1 of 1 people found this helpful
John O'Hara wrote:
I am trying to write a rule that will fire when an object (of a particular class) is dereferenced and becomes available for GC. The object may be set to null, or removed from a collection. I have been looking at writing a rule that transforms a class in the JVM (openjdk hotspot) to capture this scenario, but have not found anything so far.
Let's start by noting that you can only use Byteman to inject behaviour into Java code. So, your options for handling Object reclamation are essentially limited to the places where the JVM lets Java code know that an object has been reclaimed by the GC and is ready for reuse i.e. finalizer methods. So, if the class you are interested in overrides method Object.finalize() then you can inject a rule into its implementation and it will be triggered when the object's storage is (probably) going to be reclaimed. But there are caveats here to take note of:
- the object will very likely be finalized quite some time after all references to it are dropped (the wait intreval will be at least until after the next minor GC, maybe even the next major GC later and maybe even longer)
- if the finalizer code or the Byteman rule it triggers retains a reference to the object then its storage will not be made available for reuse even though the object has been finalized
- even if you don't retain a reference you will require yet another GC cycle after the finalizer has run before the storage will be released
- finalizers suck and they make your GC sucky because you have to process every finalized object you allocate so don't use them unless you have to and don't ever use them for frequently allocated classes.

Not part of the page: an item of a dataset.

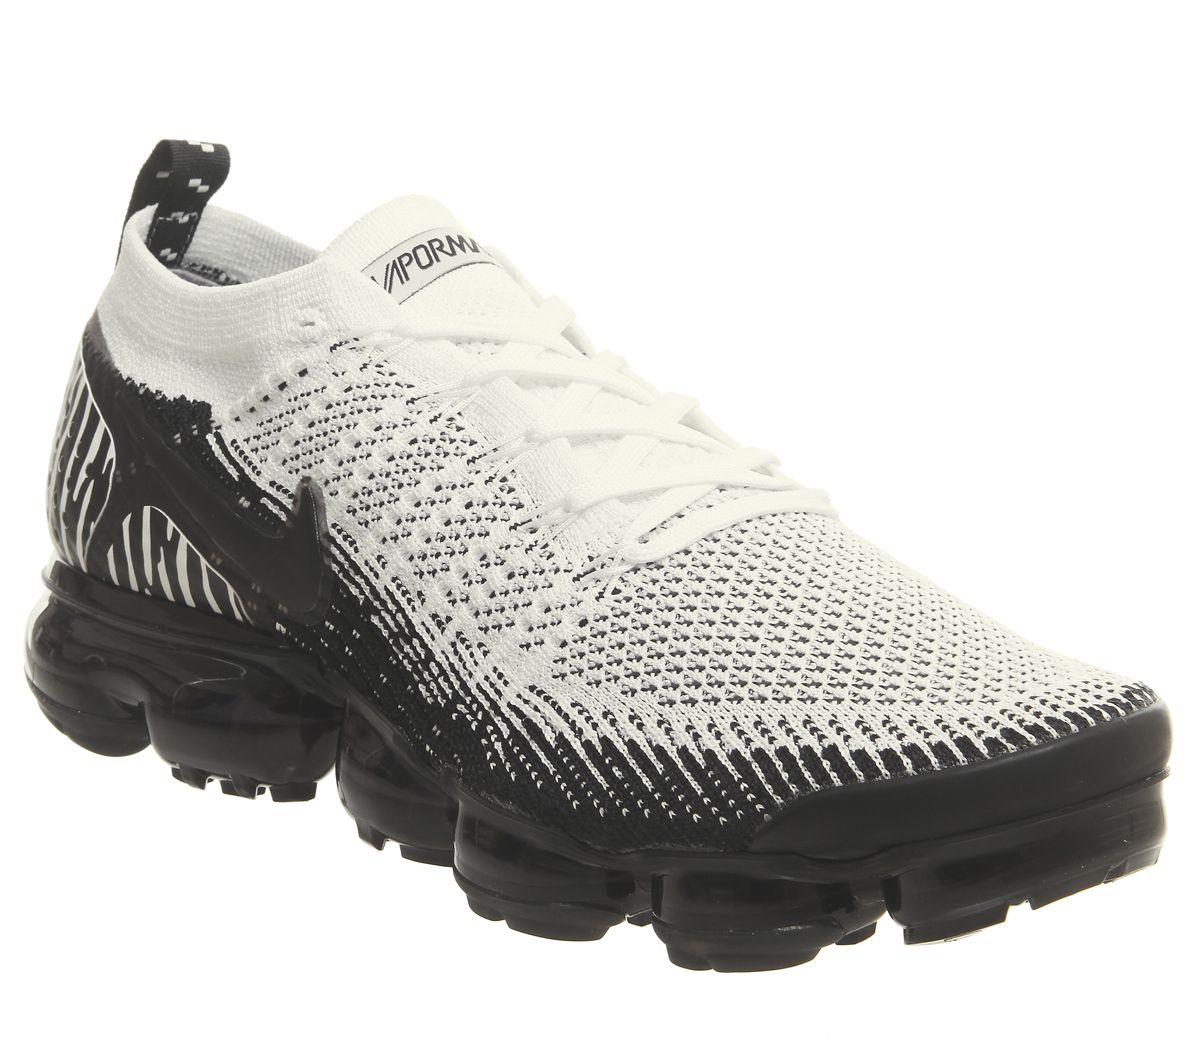 sports shoes b48ca 604de Air Vapormax Flyknit 2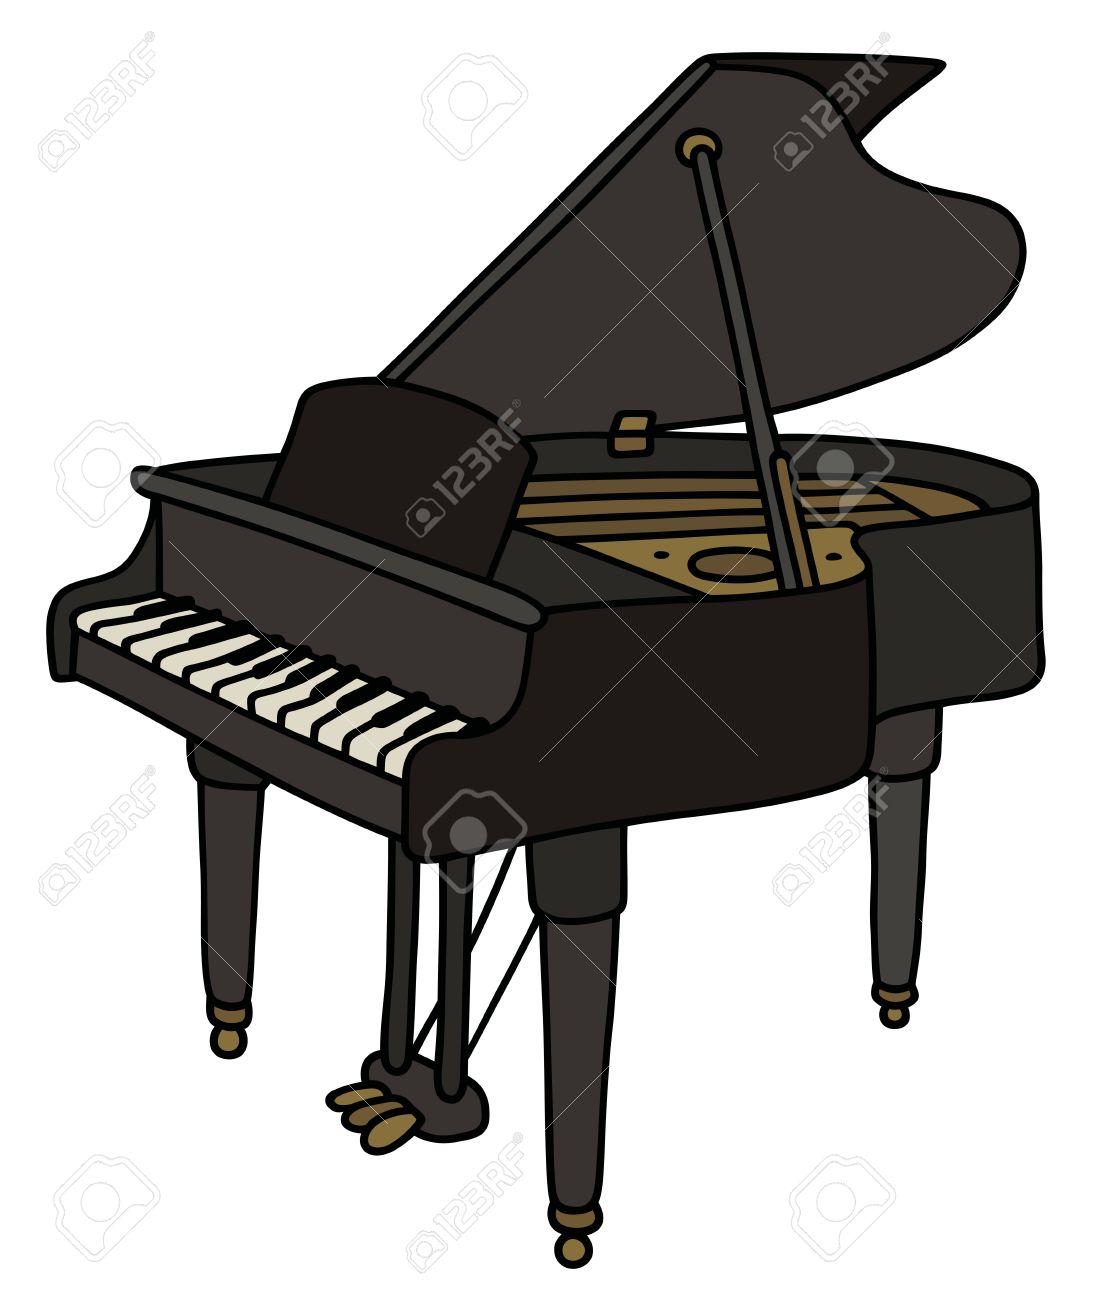 Dessin De Piano hand drawing of a classic black grand piano royalty free cliparts

- did I mention that finalizers really make your GC suck? oh yes, I did
If that doesn't make you give up now then my final advice is give up now. GCs don't actually care about when the last reference to an object gets dropped. They only care about reusing storage. Mostly, they only need to know which objects are referenced and only at specific points during the GC cycle. So, nothing in the JVM (or indeed most other VMs) -- let alone in the Java runtime -- is going to give an answer to your question.
Thank you for your quick and thorough response.
I am trying to trace a resource issue where objects are being dereferenced without system resources being released. I have used finalizers to track down instances where objects are being GC'd with system resources still held by the object. Although that confirms the issues i am seeing, it does nothing to tell me where (or why) it was dereferenced, as you mentioned in point 1) .
I thought it was a long shot, but a question worth asking nonetheless.